A fuse is an insert plugged into the circuit, containing a piece of a special wire, able to carry a regular current for a long time without wearing out, but melting quickly if the current, say, doubles in intensity. The fuses one buys either screw into sockets like those of light bulbs, or are (like car fuses) short insulated tubes with metal ends, fitting into clips that hold them.
The old home where I grew up had fuses of a simpler kind, rectangular ceramic plugs with brass contacts at their ends (drawing). Usually a plug was held by a pair of clips (shielded from the user) inside a ceramic box: one clip was connected to the input power and held the contact at one end of the plug (drawing). The other clip was connected to the home's circuit and held the brass contact at the other end.
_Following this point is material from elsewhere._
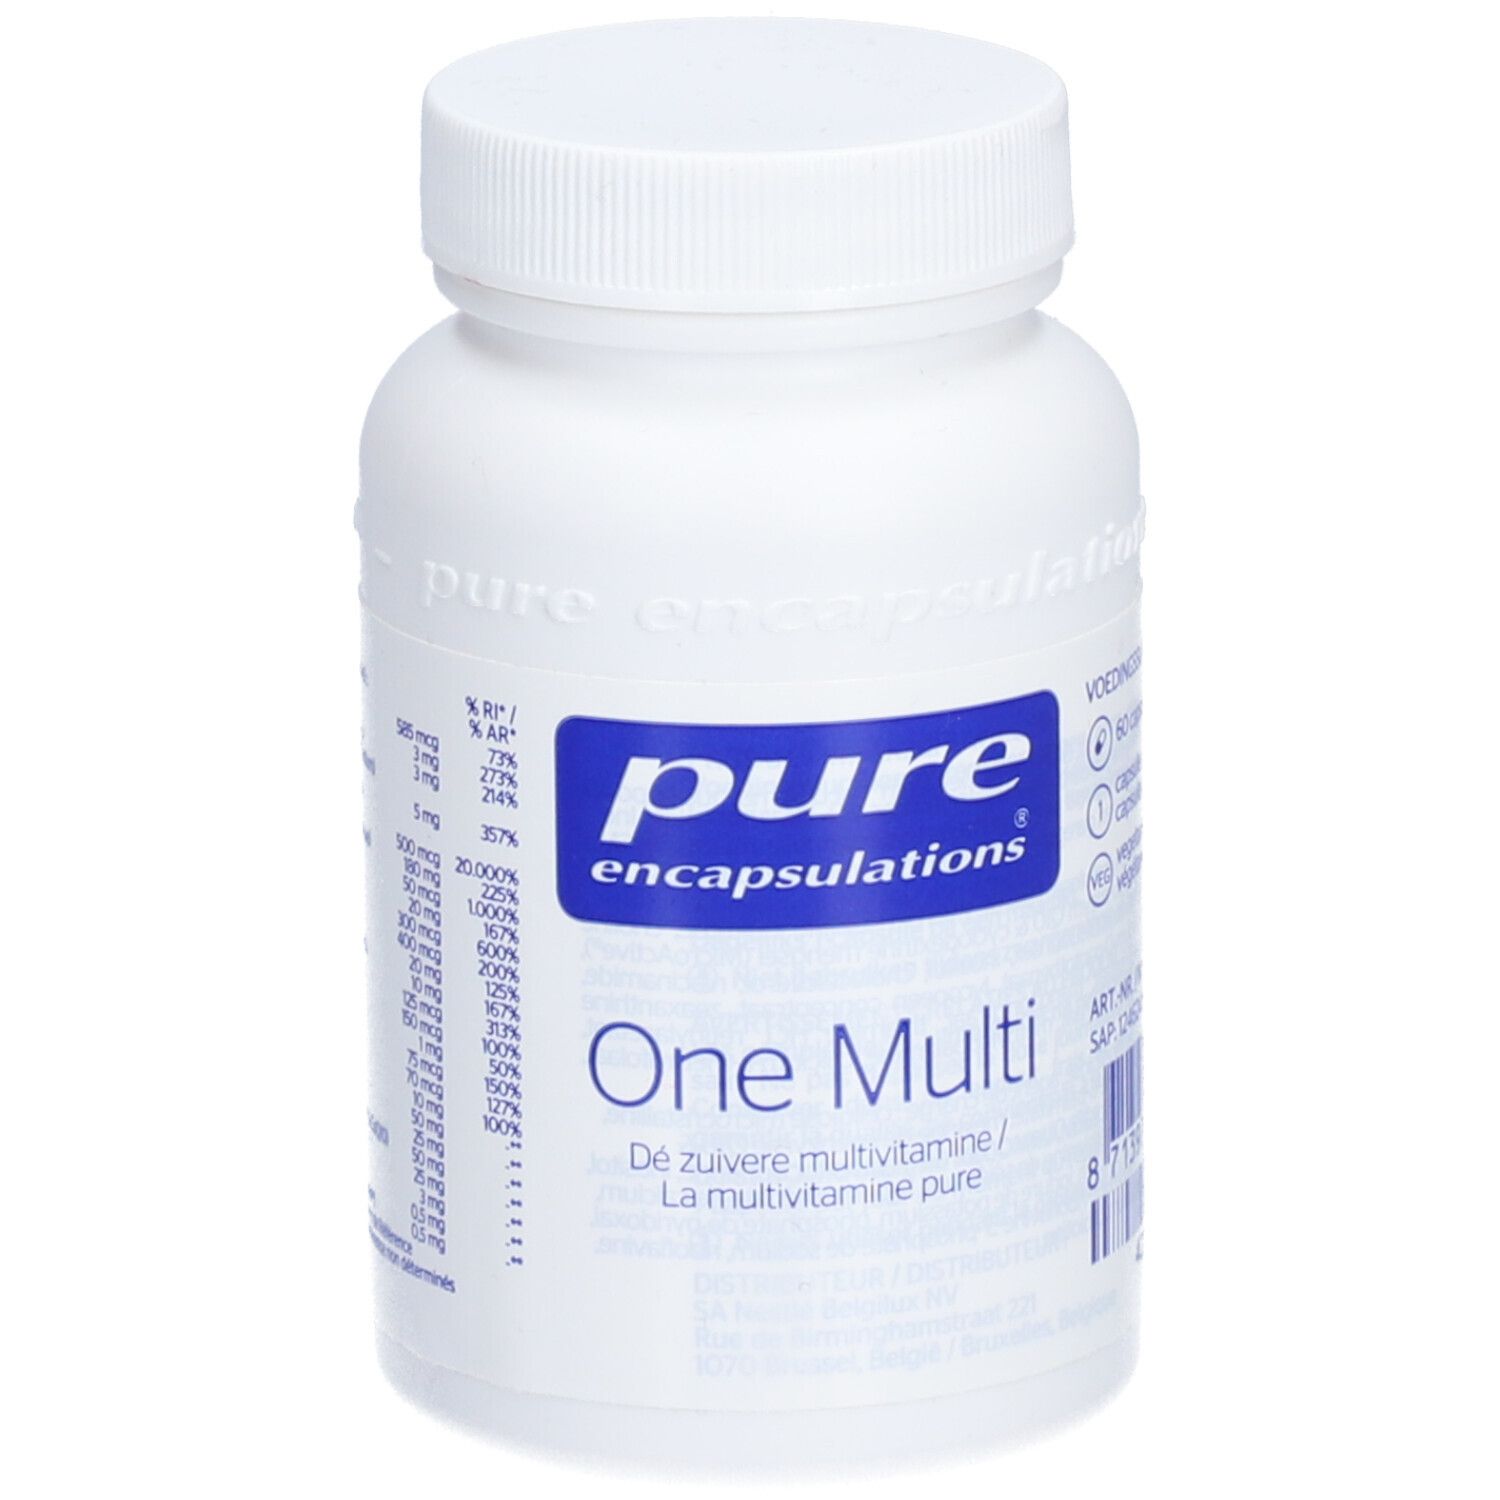 pure encapsulations® One Multi

The ceramic block had a narrow hole, and the brass contacts had screws attached, between which a piece of "fuse wire" (spools of which were sold in stores) was threaded through the hole. If the circuit got overloaded, the wire would melt somewhere inside the hole (where it could not cause any fire!) and the fuse would be "blown", stopping the current.
To replace the fuse one pulled out the plug, unwound the ends of the broken wire from the screws and discarded them. One now threaded a fresh piece of "fuse wire" through the hole, wound its ends around the two screws and tightened the screws to hold the wire firmly. Then the plug would be replaced. Before replacing it, of course, one needed to find why the fuse blew--otherwise, it was likely to "blow" again, often, at once
Nowadays fuses have been largely replaced by circuit breakers, automatic switches with compressed springs that try to open them up and thus break the connection. A wire holds them closed, but it is part of the circuit: if the current in the circuit is too large, the wire heats up and expands, its grip on the switch loosens and the spring pushes the switch open. Some circuit breakers are screwed into sockets like fuses and have "reset" buttons (allowing the homeowner to replace fuses with them), but most modern ones are plastic and rectangular, and plug into fitting electrical contacts in the "entrance box" where electric power enters the home.
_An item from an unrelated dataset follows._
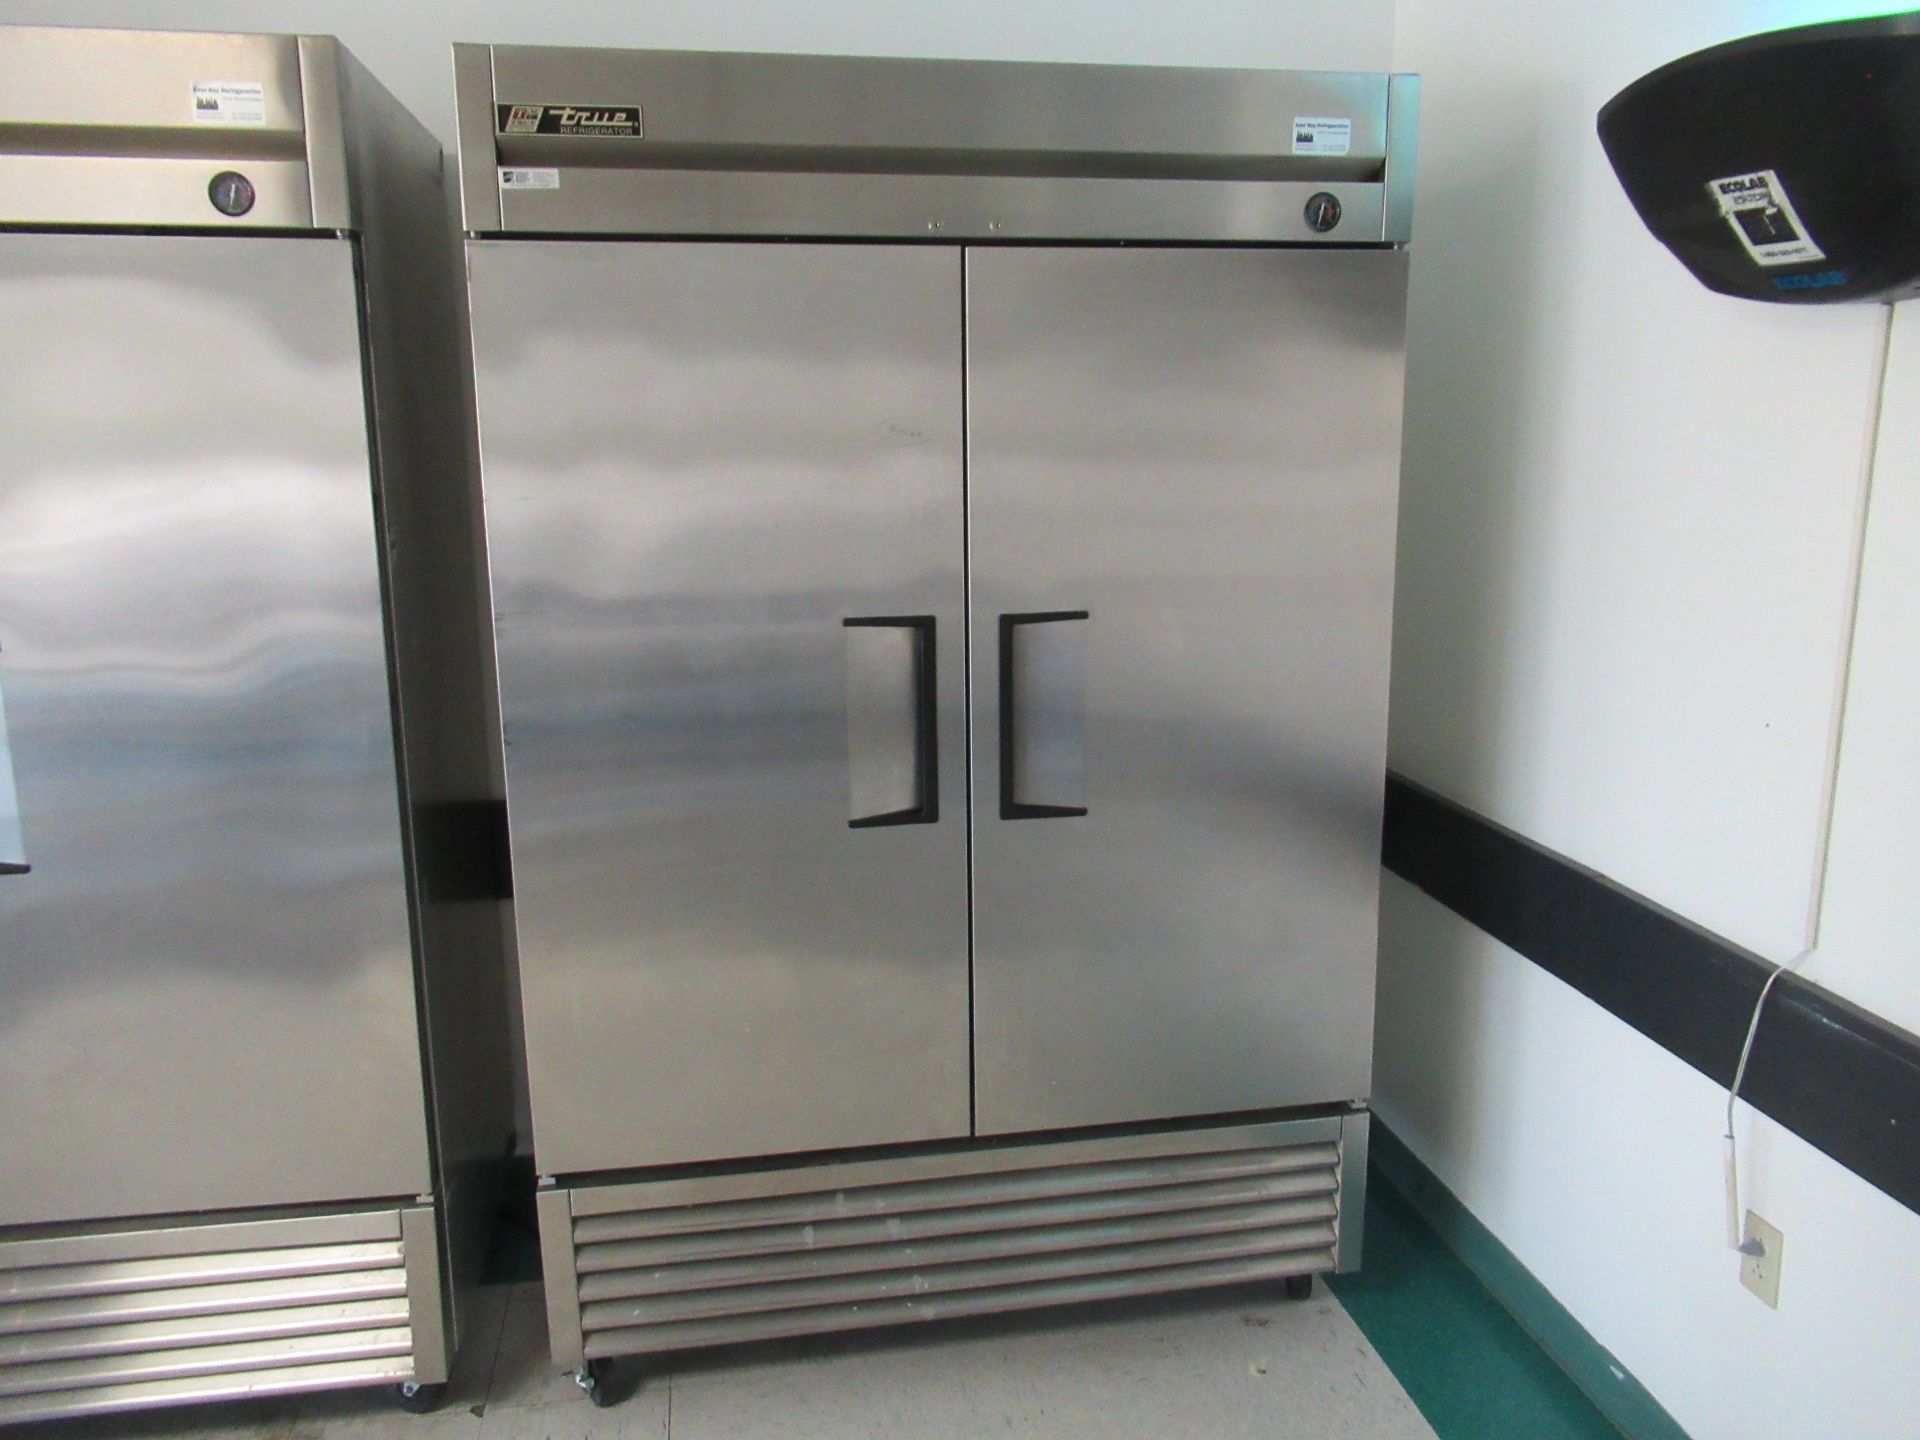 TRUE 2-Door Reach In Refrigerator, Model T-49, Located In: Office Break Rm - Rigging Fee: $ 250

Before doing any work or repair on a circuit in the home, find its connections in the entrance box, the metal box where power enters the house and where all circuit breakers are located. Then disconnect that part of the circuit by resetting its switch from "ON" to "OFF", or unscrew the circuit breaker from its socket. Then check and make sure that the circuit you interrupted was indeed the one with the problem and is now "dead." For this you can use an electricians small "neon light tester" described further below, or an electric meter.
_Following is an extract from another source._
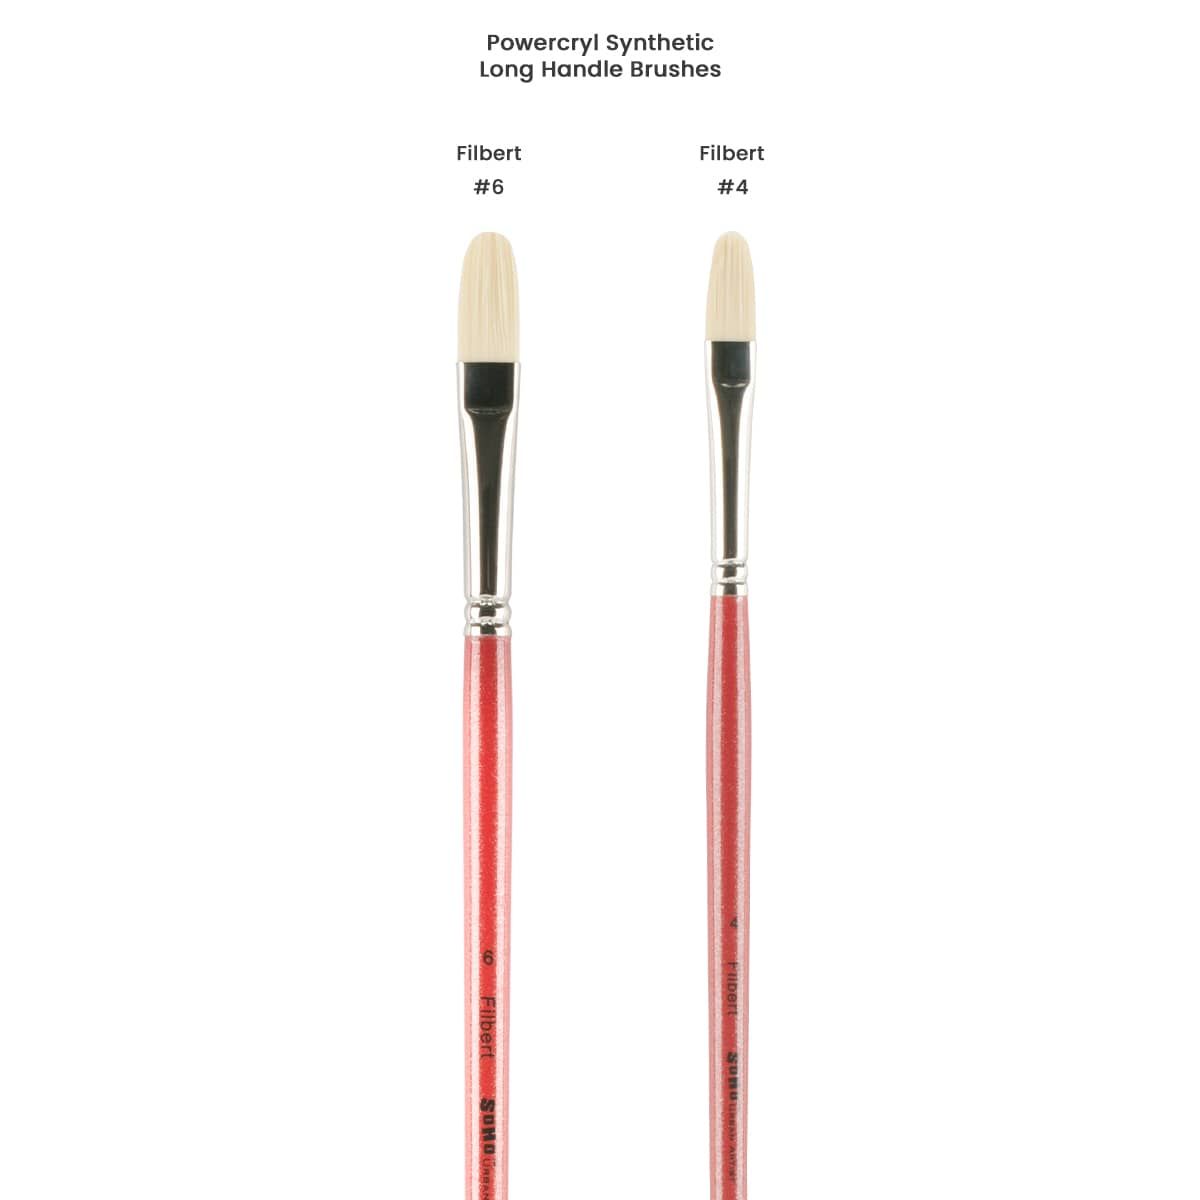 Powercryl Synthetic Long Handle Brushes

When a fuse or circuit breaker "blows," that is a sign its circuit was drawing a current larger than it was designed to handle. That could be caused by a short circuit somewhere--but not necessarily: an overload will also occur if too many appliances are plugged into the same circuit. If a kitchen circuit is disrupted when a toaster, coffee maker and microwave oven operate simultaneously, it may be a smart idea to delay using at least one of them: overloaded circuits have also been known to start fires. If an extension cord feels unusually warm, that too is a warning sign.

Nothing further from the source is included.